* [AIM OF THE TASK]: The whole listing below should be retyped exactly, without any images.

* [GIVEN DATA]:
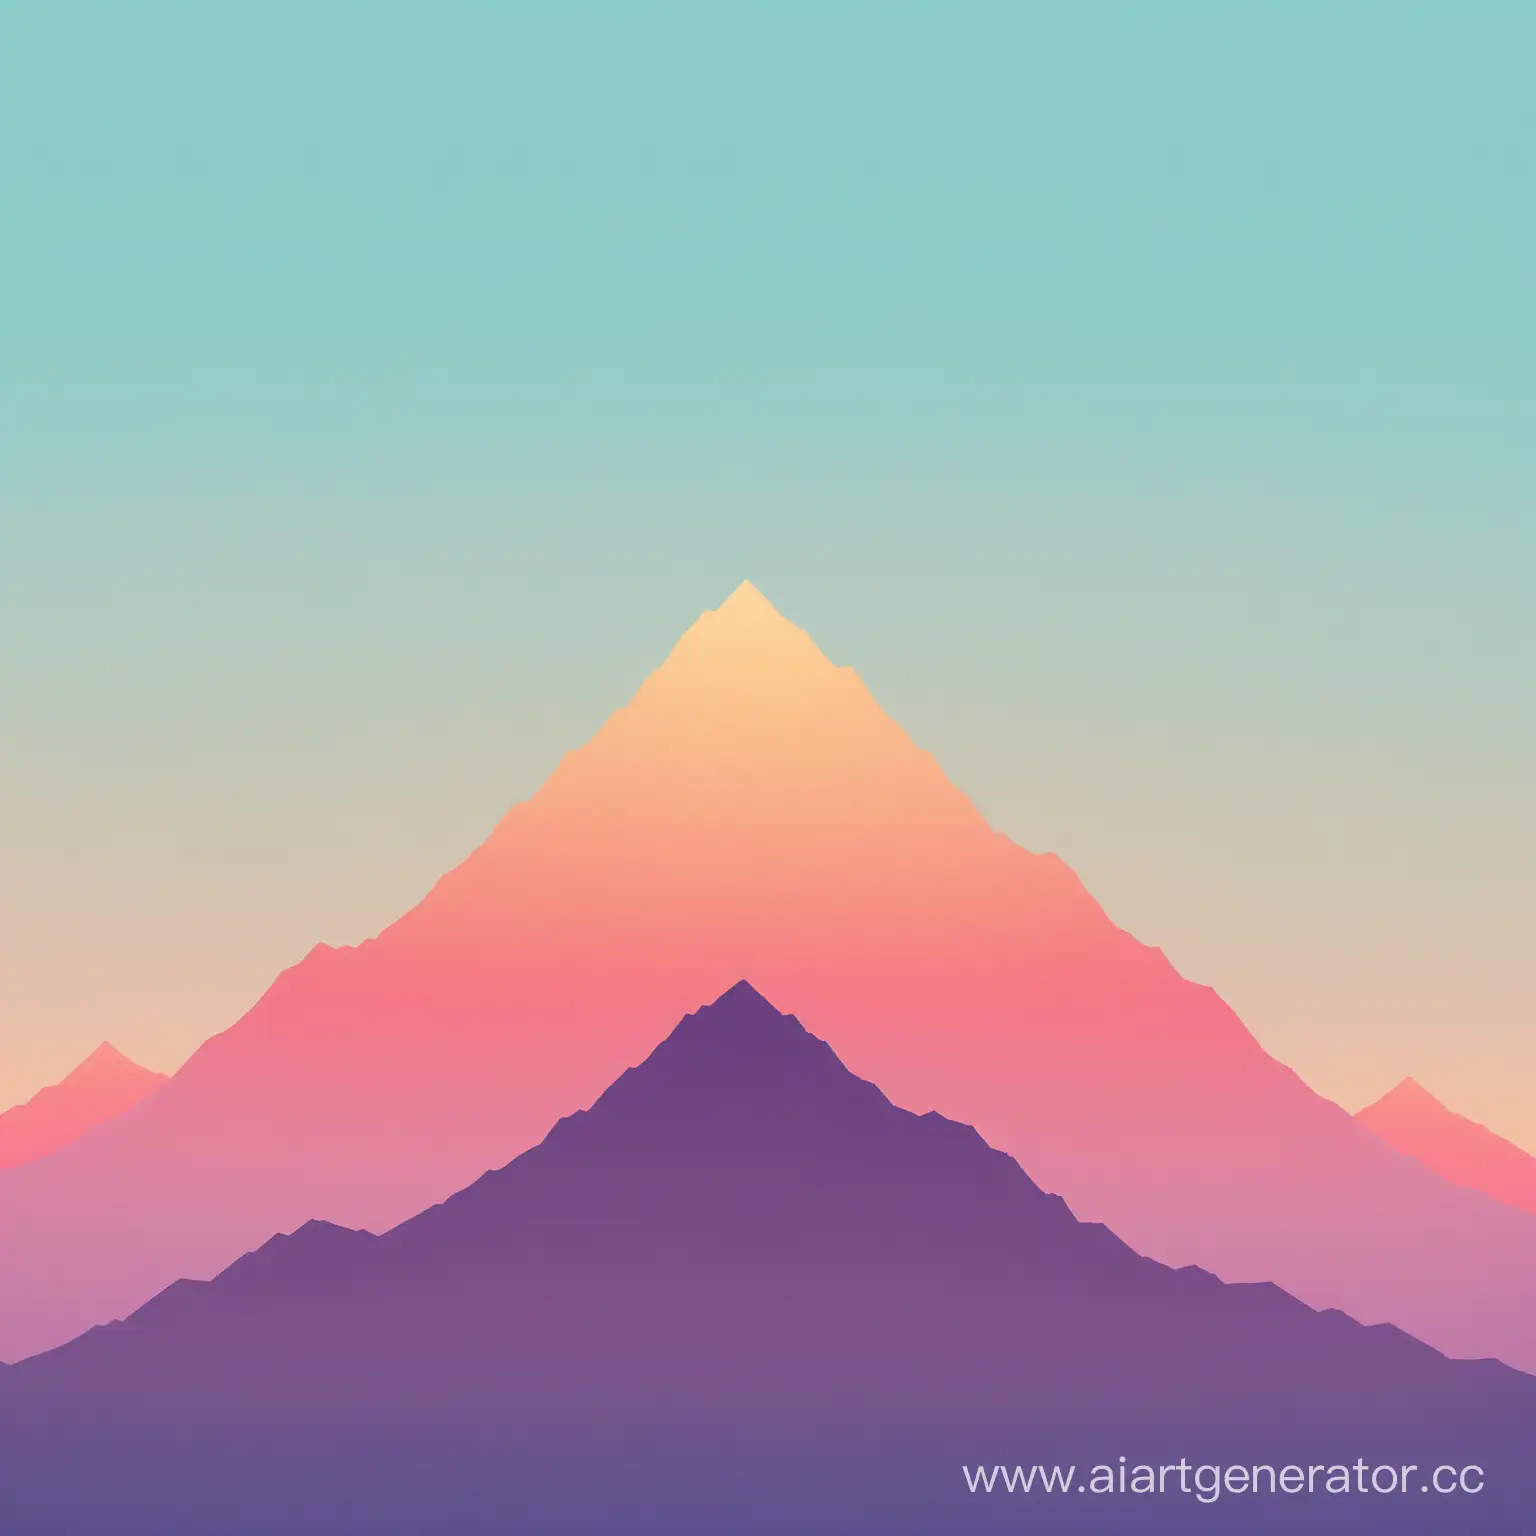 Minimalist-Mountain-Landscape-with-Gradient-Sky
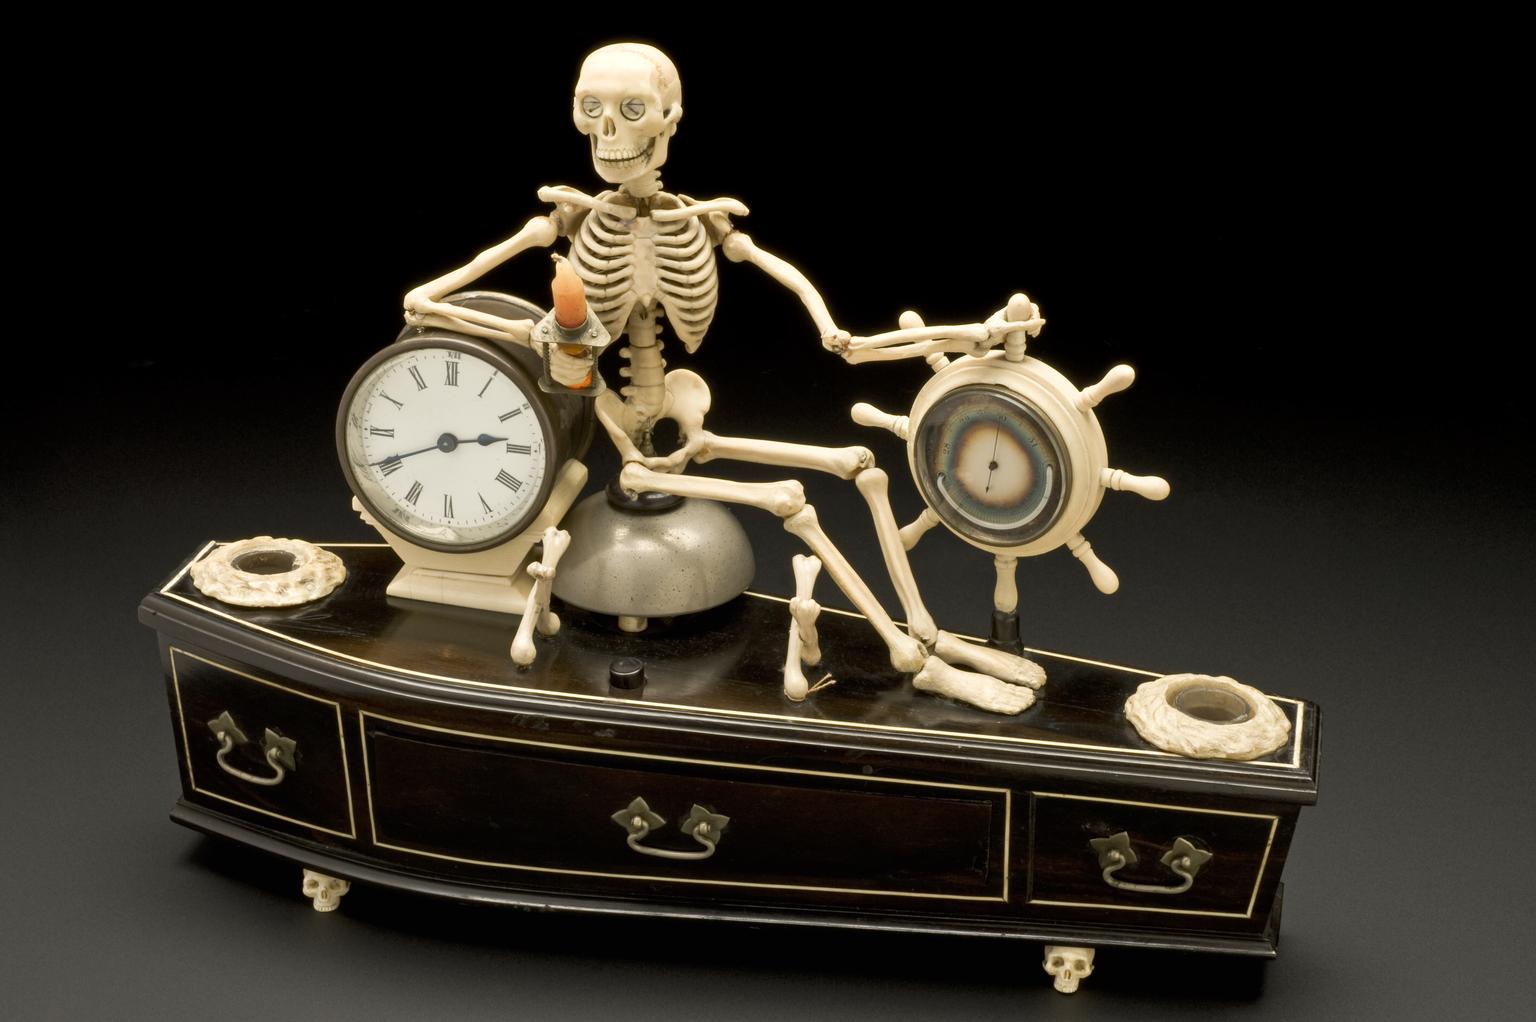 File:Alarm clock, mounted on model of coffin.jpg - Wikipedia
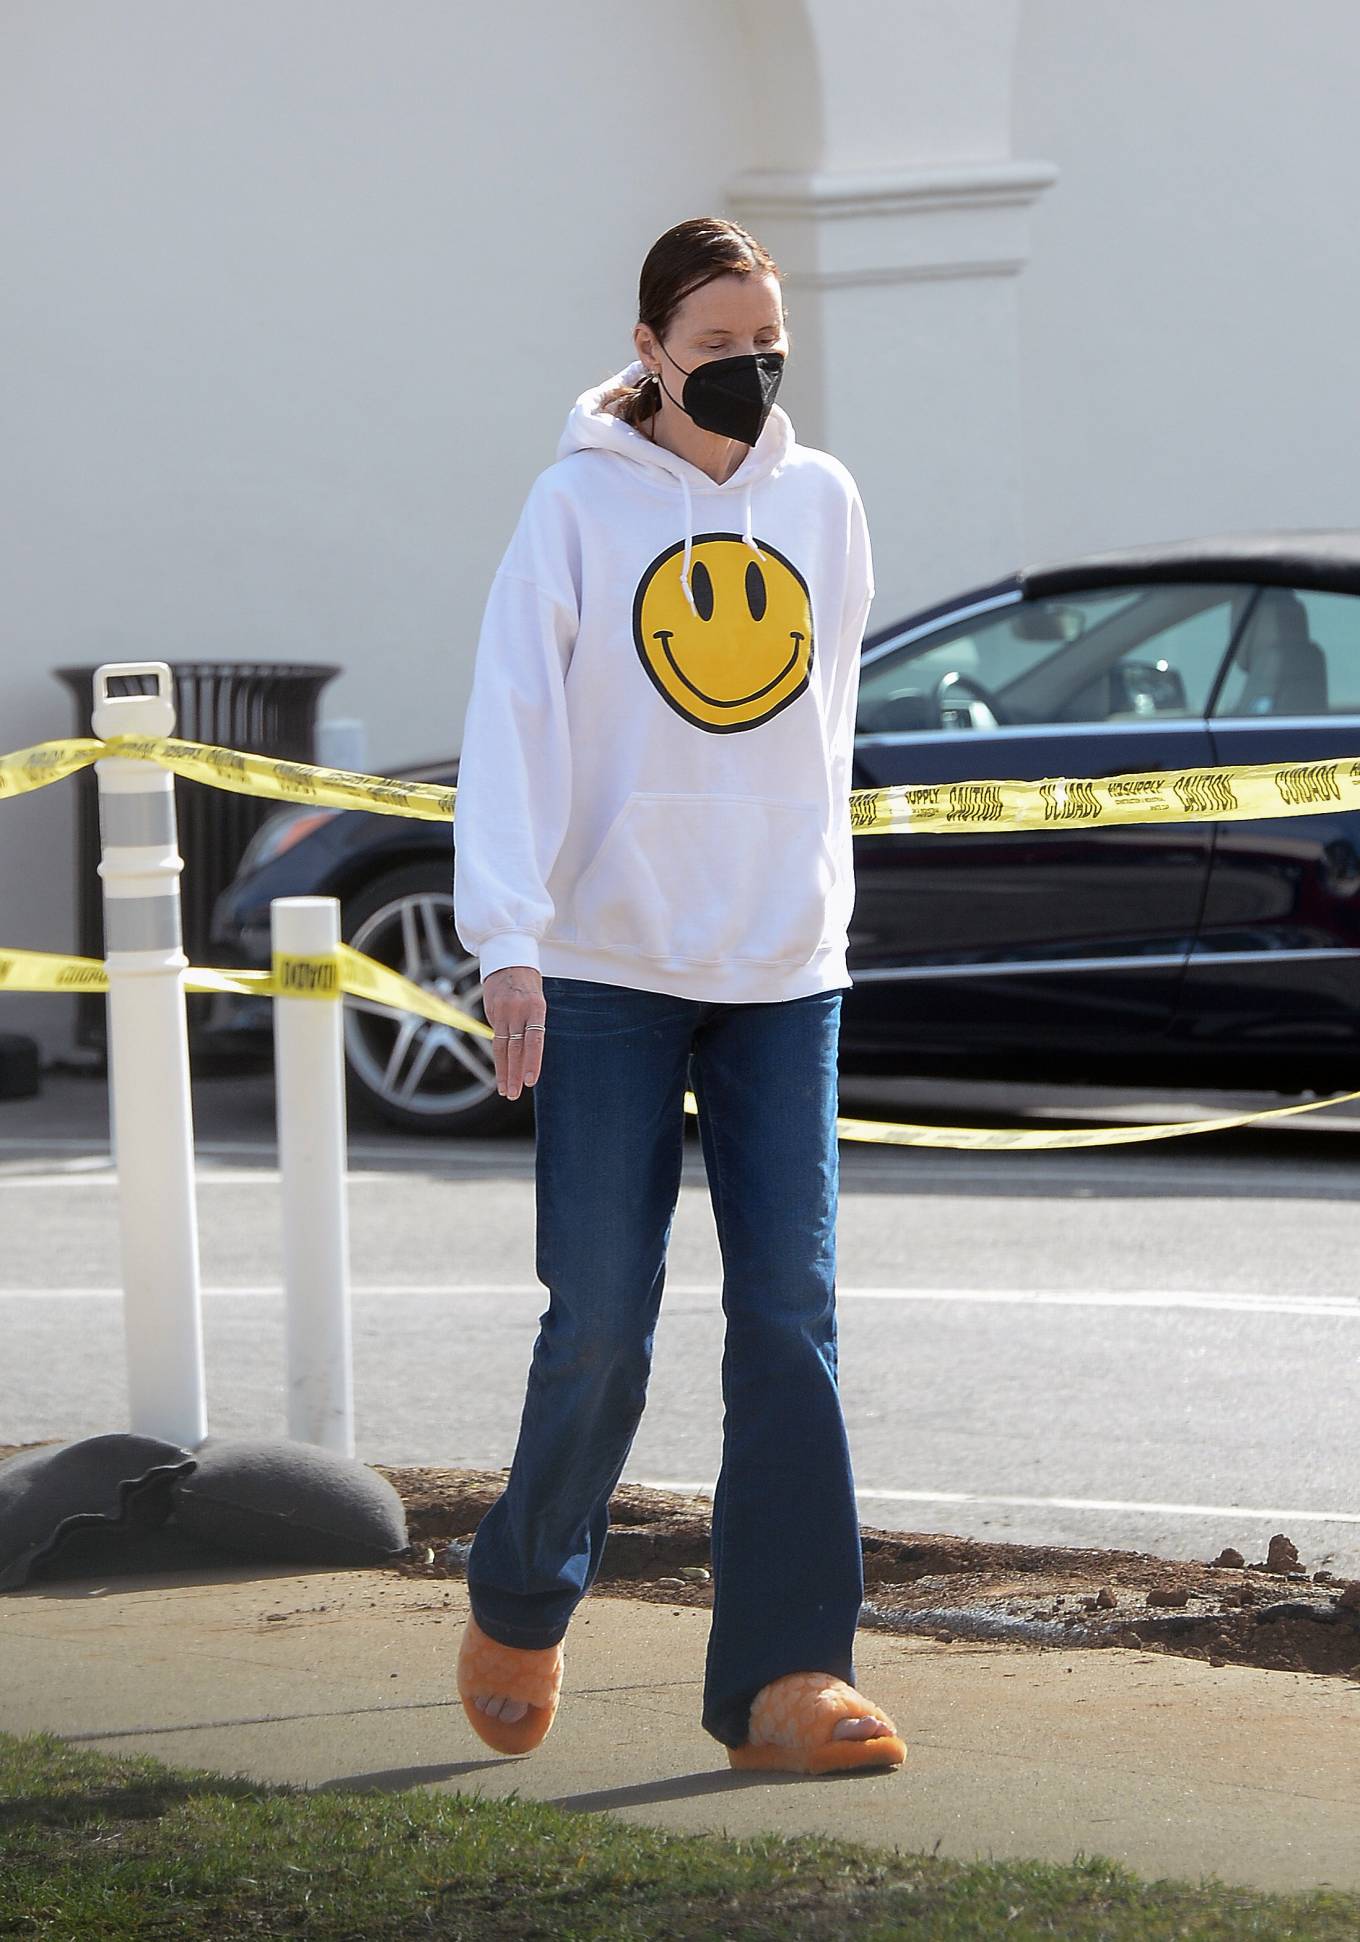 Geena Davis 2022 : Geena Davis – Run errands wearing slippers in Los Angeles-08

* [ANSWER TO THIS TASK]:
 Minimalist-Mountain-Landscape-with-Gradient-Sky
 File:Alarm clock, mounted on model of coffin.jpg - Wikipedia
 Geena Davis 2022 : Geena Davis – Run errands wearing slippers in Los Angeles-08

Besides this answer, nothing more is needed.